「塊のお肉がたべたい」

「……は?」

仕事の関係上毎日とは言わないが美味しいご飯を作ってくれるスパダリこと降谷零から呆れた視線を感じた。

最近の零くんはデザートに凝っていて宝石のように輝くフルーツタルト、甘さと苦さがちょうど良い自家製プリン、ふわふわもちもちのドーナツなどなどプロか!とツッコミを入れたくなる物をそれはそれは美味しく作ってくれるので完食していた……のだが、その影響か贅沢な肉が身体全体にぷるんと付いてしまった。
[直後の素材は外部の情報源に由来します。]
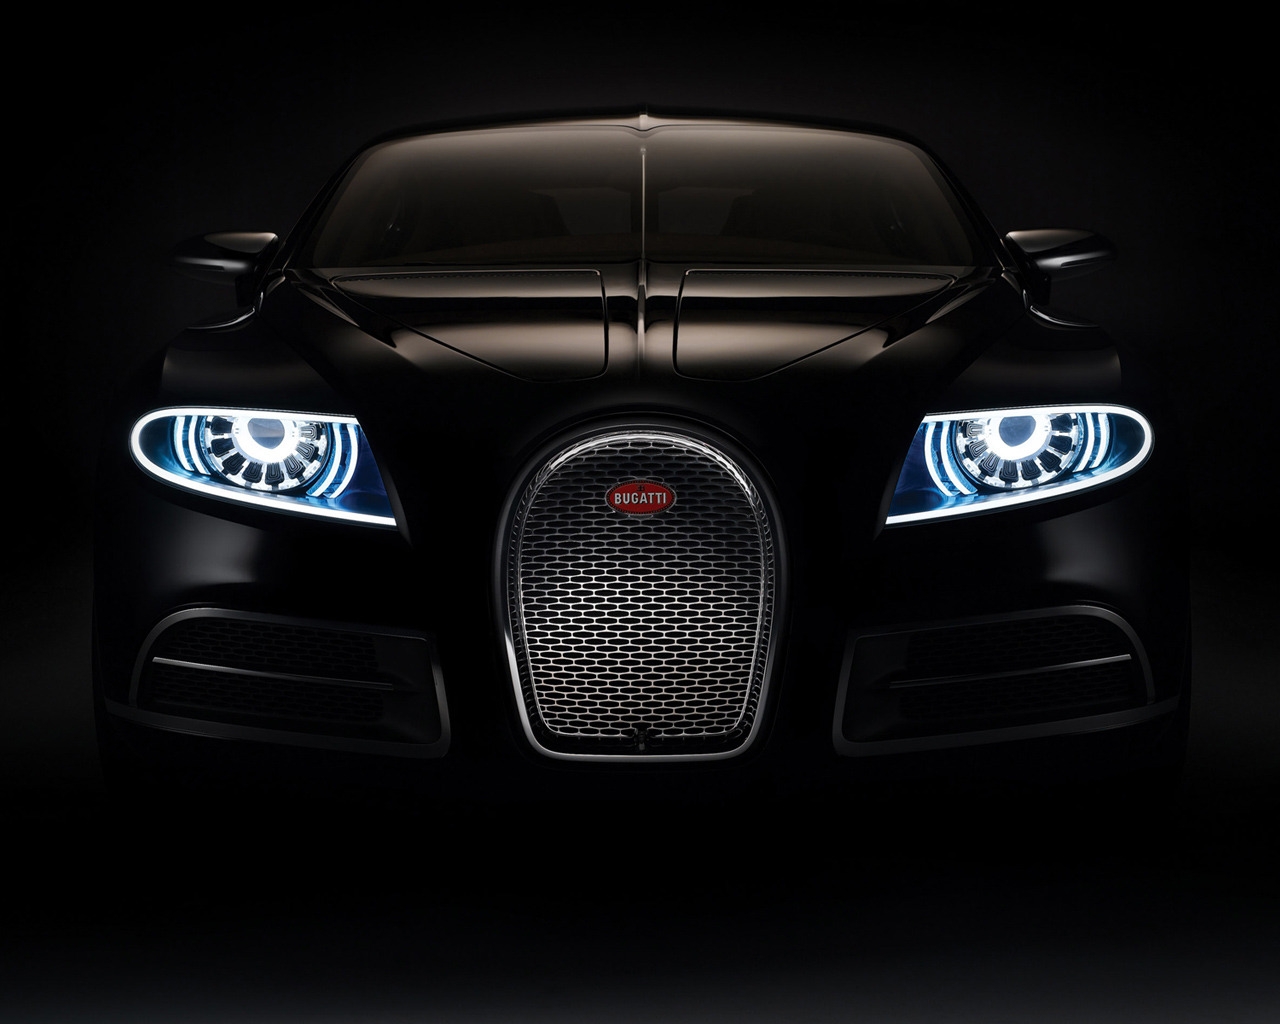 Bugatti 16C Galibier Front for 1280 x 1024 resolution

ぷにぷにと私の贅肉をつまみながら「美味しく食べてもらうのが嬉しすぎたばかりに、たくさん作った俺が悪い。」と責任を感じた零くんはお菓子作りを止めてヘルシーなご飯中心の生活になってしまったのだ!

「ヒレステーキ1ポンドたべたいいい」

「ダメだ。ろくに運動もしないのにタンパク質大量に摂取したら全部脂肪に付くぞ」

「それはそれでいやああ」

「豆腐ハンバーグ1ポンド作ってやるから」

「美味しいけど、美味しいけどさ!」

目の前にブロッコリーを突き付けられ仕方なく食べて咀嚼をするが、ドレッシングが少なすぎて草の味しかしないので水で無理やり飲み込む。えらいえらいと子供扱いする零くんをじろりと睨みつけてもアラサーには見えないにっこりとした笑顔を返されたので大した効果はなかった。

「目標まであと少しだろ?一緒に頑張ろう、な?」

「ううう、」

「痩せられたらうんと美味しい1ポンドステーキ作るから」

「……ほんと?」

「約束」

少し前だったら忙しすぎて約束をする事なんて出来なかった零くんが、あどけなく笑いながら小指を差し出してくれる。

「……嘘ついたら100発撃ってやる」

平和な幸せを感じつつ零くんの小指と私の小指をきゅっと絡ませて"約束"をした。